I have got two cases: -
CASE 1
void *data;
struct known_struct *var = data;
printf("%d", var->first_int);
CASE 2
void *data;
printf("%d", (struct known_struct*) data->first_int);
This second version is wrong -- the "->" operator binds more
tightly than the cast operator, so this must be written with
parentheses:
printf("%d", ((struct known_struct *)data)->first_int);
In case 1, we use a variable named 'var' to point to 'data'. And then
we access an integer named 'first_int' in the data pointed by var.
So, count a memory overhead (creating 'var' on stack), second is
assignment overhead (var = data).
In case 2, we have not used any extra variable.
We typecast 'data' into (struct known_struct*) and then access its
'first_int'.
So, this seems to me as no memory overhead and no assignment overhead.
So is there any extra hidden overhead due to this typecasting.

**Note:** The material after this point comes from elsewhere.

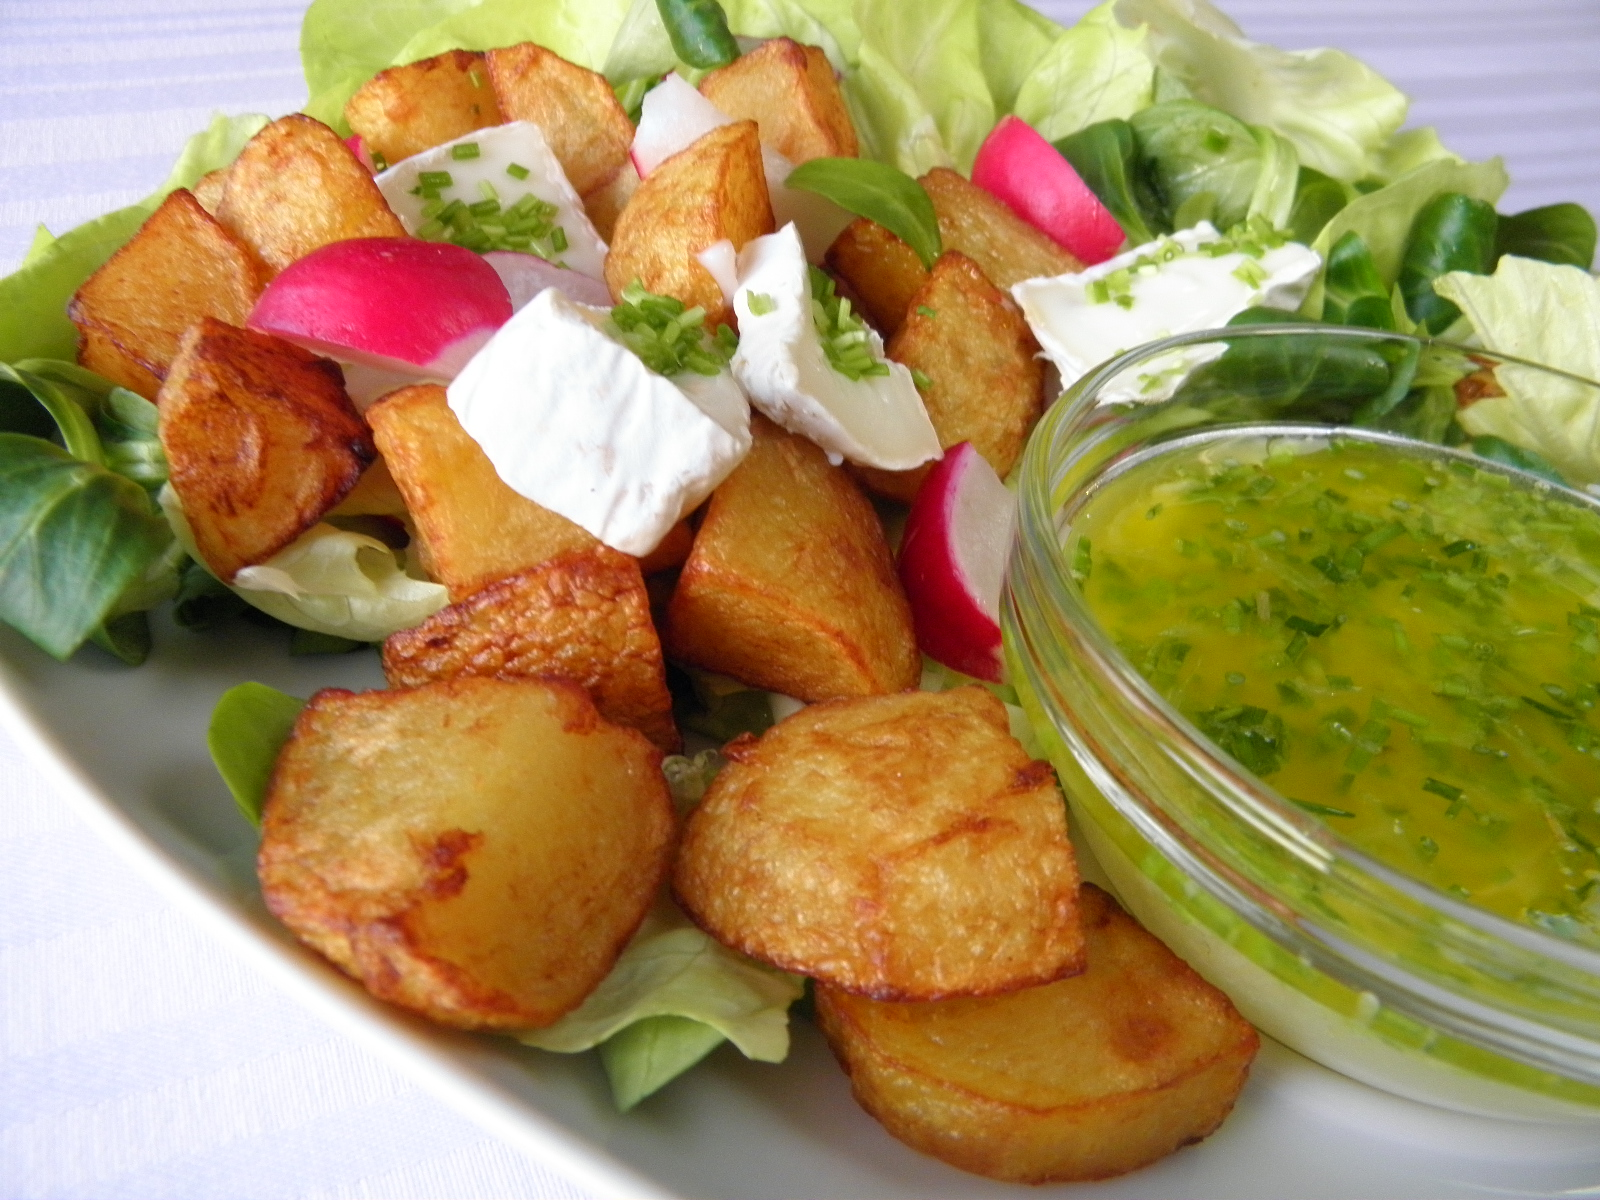 Zeleninový salát s bramborem a sýrem
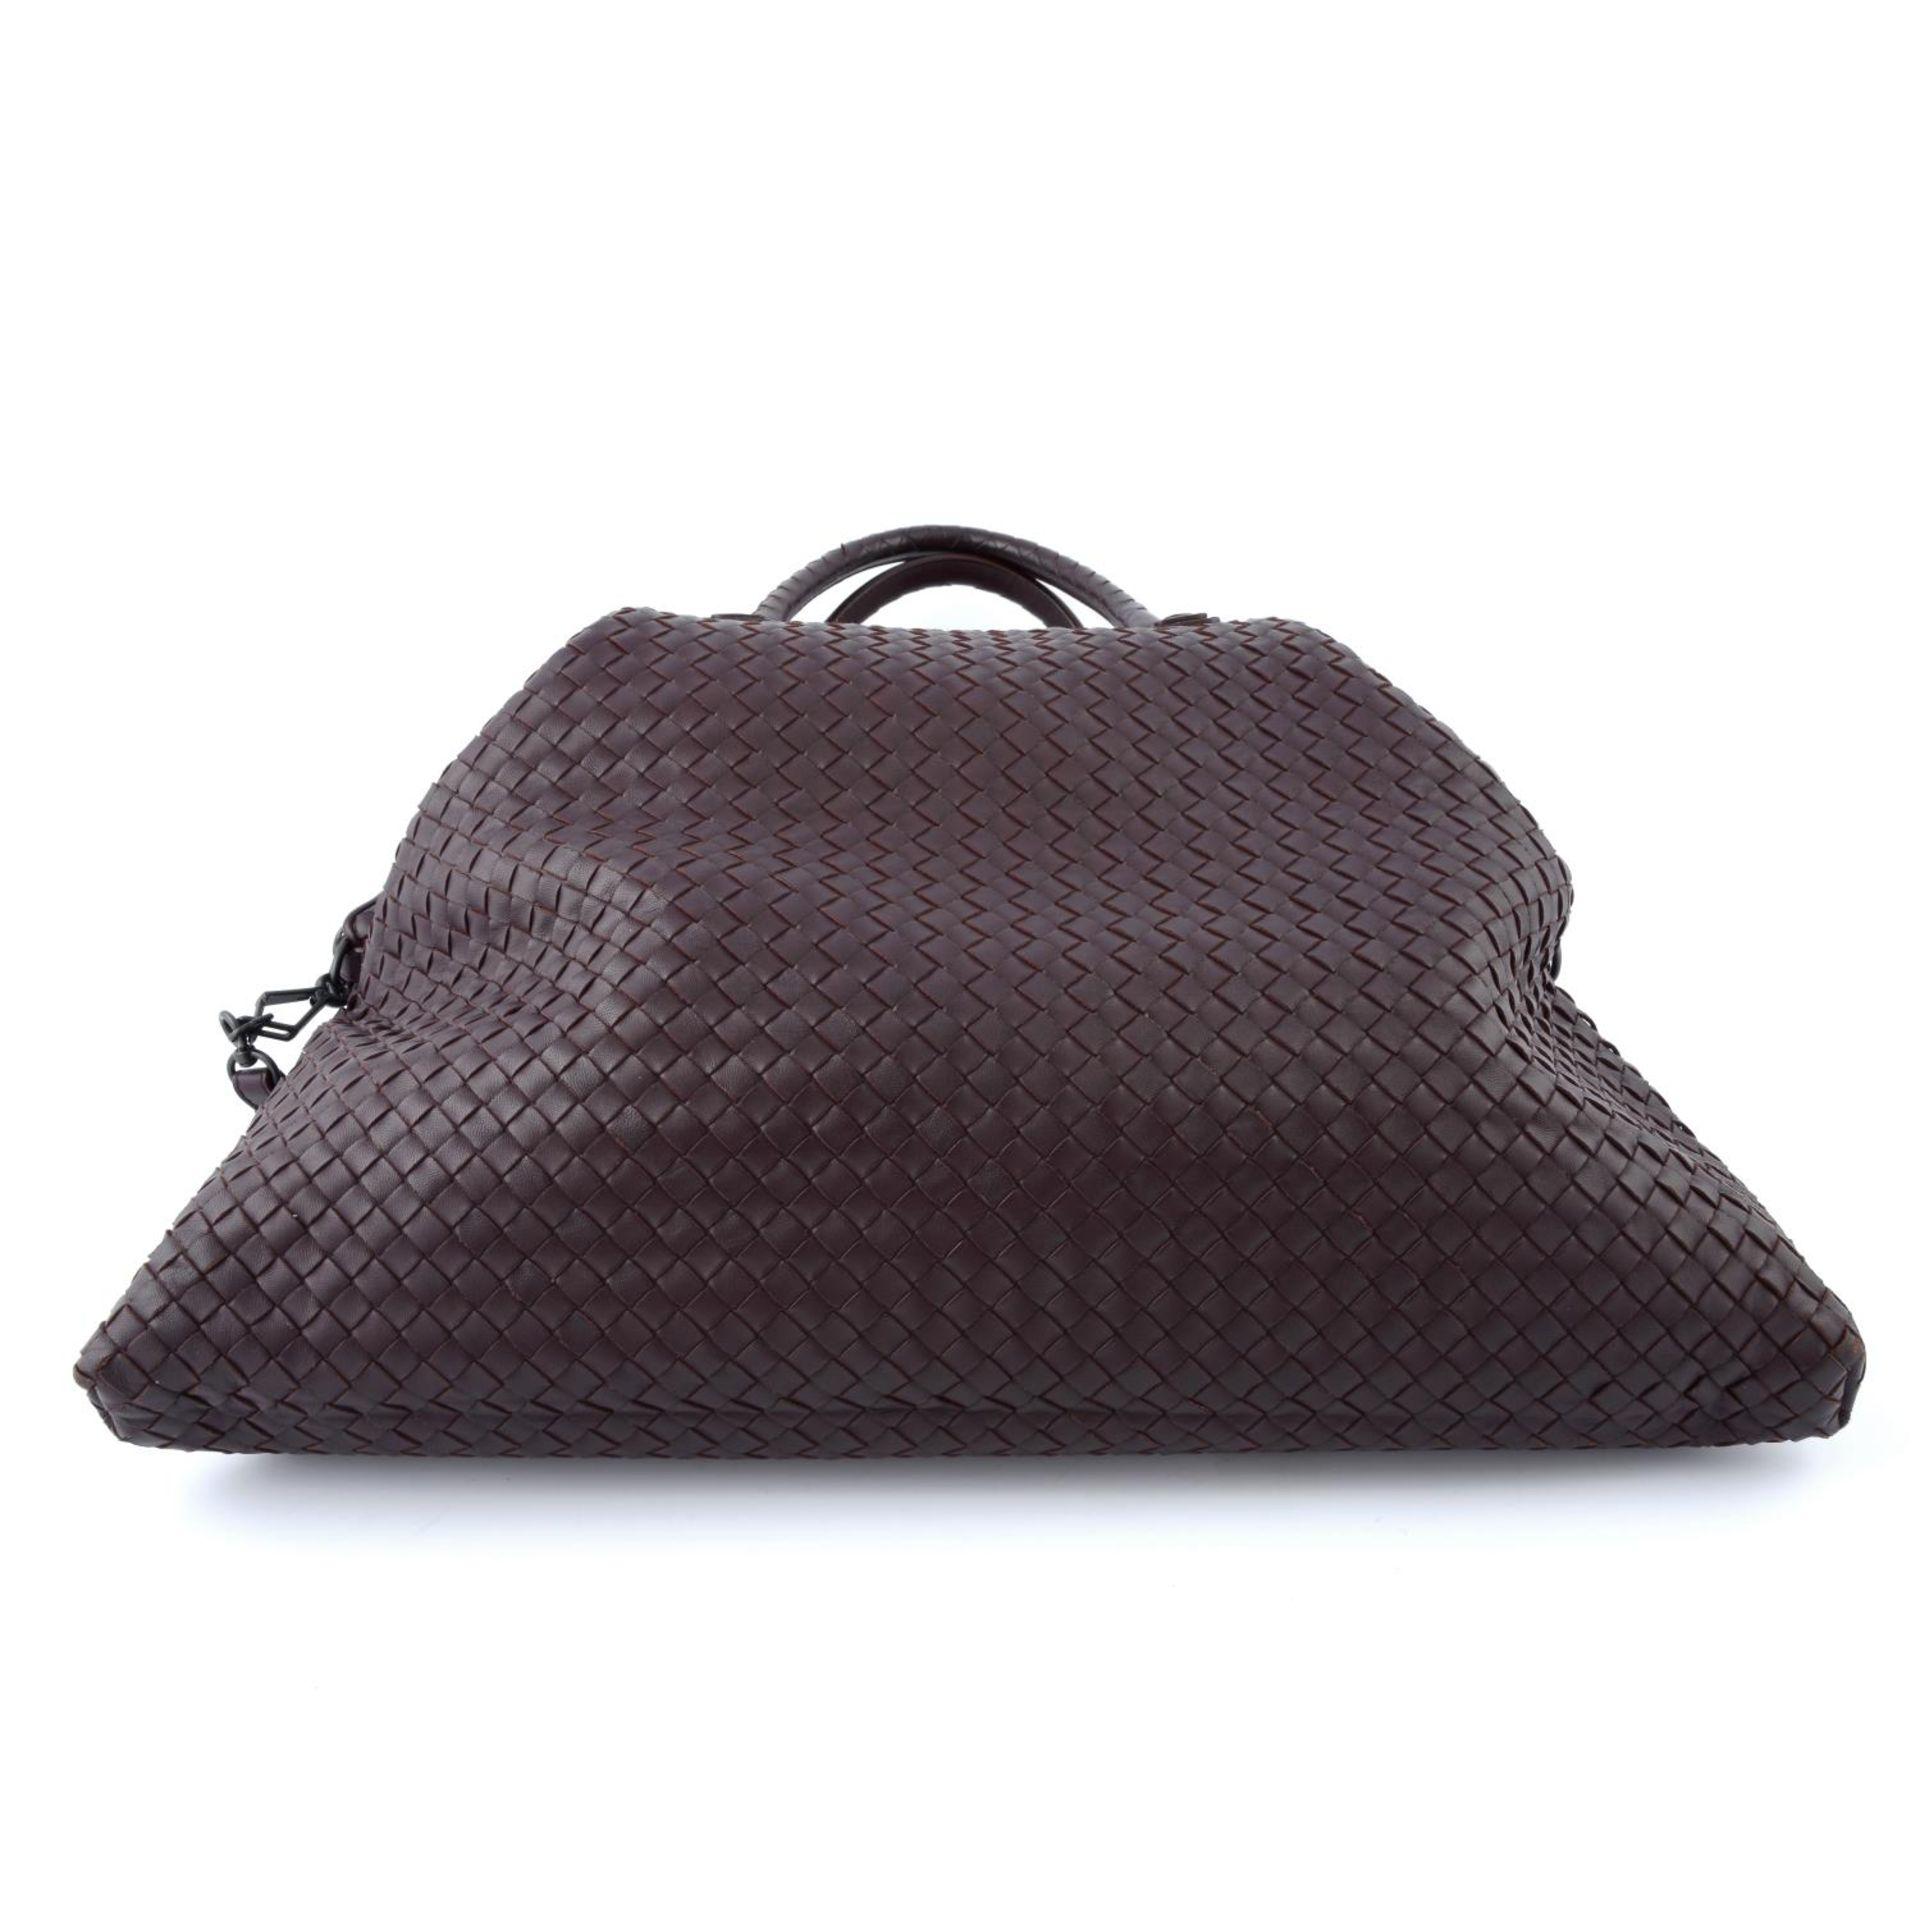 BOTTEGA VENETA - an XL fold over Nappa Intrecciato handbag. - Image 5 of 5

A cast (the syntax with the type name in parentheses) is, semantically
and essentially, just an assignment to a temporary variable whose
type is given by the cast. Thus, case 2 has an extra temporary
variable and assignment, just like case 1. For more, I refer you
to my longer answer from yesterday, but now that we have actual
sample code to test, let us find out which version generates which
instruction(s) using GCC on the Intel x86 platform:
% cat t.c
struct known_struct { int first_int; int second_int; };
int f1(void *data) {
struct known_struct *var = data;
return var->first_int;
}
int f2(void *data) {
return ((struct known_struct *)data)->first_int;
}
% cc -O2 -S -mregparm=3 -fomit-frame-pointer t.c
[The -mregparm and -fomit-frame-pointer generate smaller/faster
code, at the expense of some ABI compatibility and debug-ability;
I used this to eliminate the usual frame and stack access to
make the generated assembly code more obvious.]
% cat t.s
[edited to toss irrelevant junk]
f1:
movl (%eax),%eax
ret
f2:
movl (%eax),%eax
ret
Functions f1() and f2() produced identical code, consisting of a
single "movl" instruction with identical operands (plus of course
the required "ret"urn instruction). Which instruction do you think
is faster -- movl, or movl?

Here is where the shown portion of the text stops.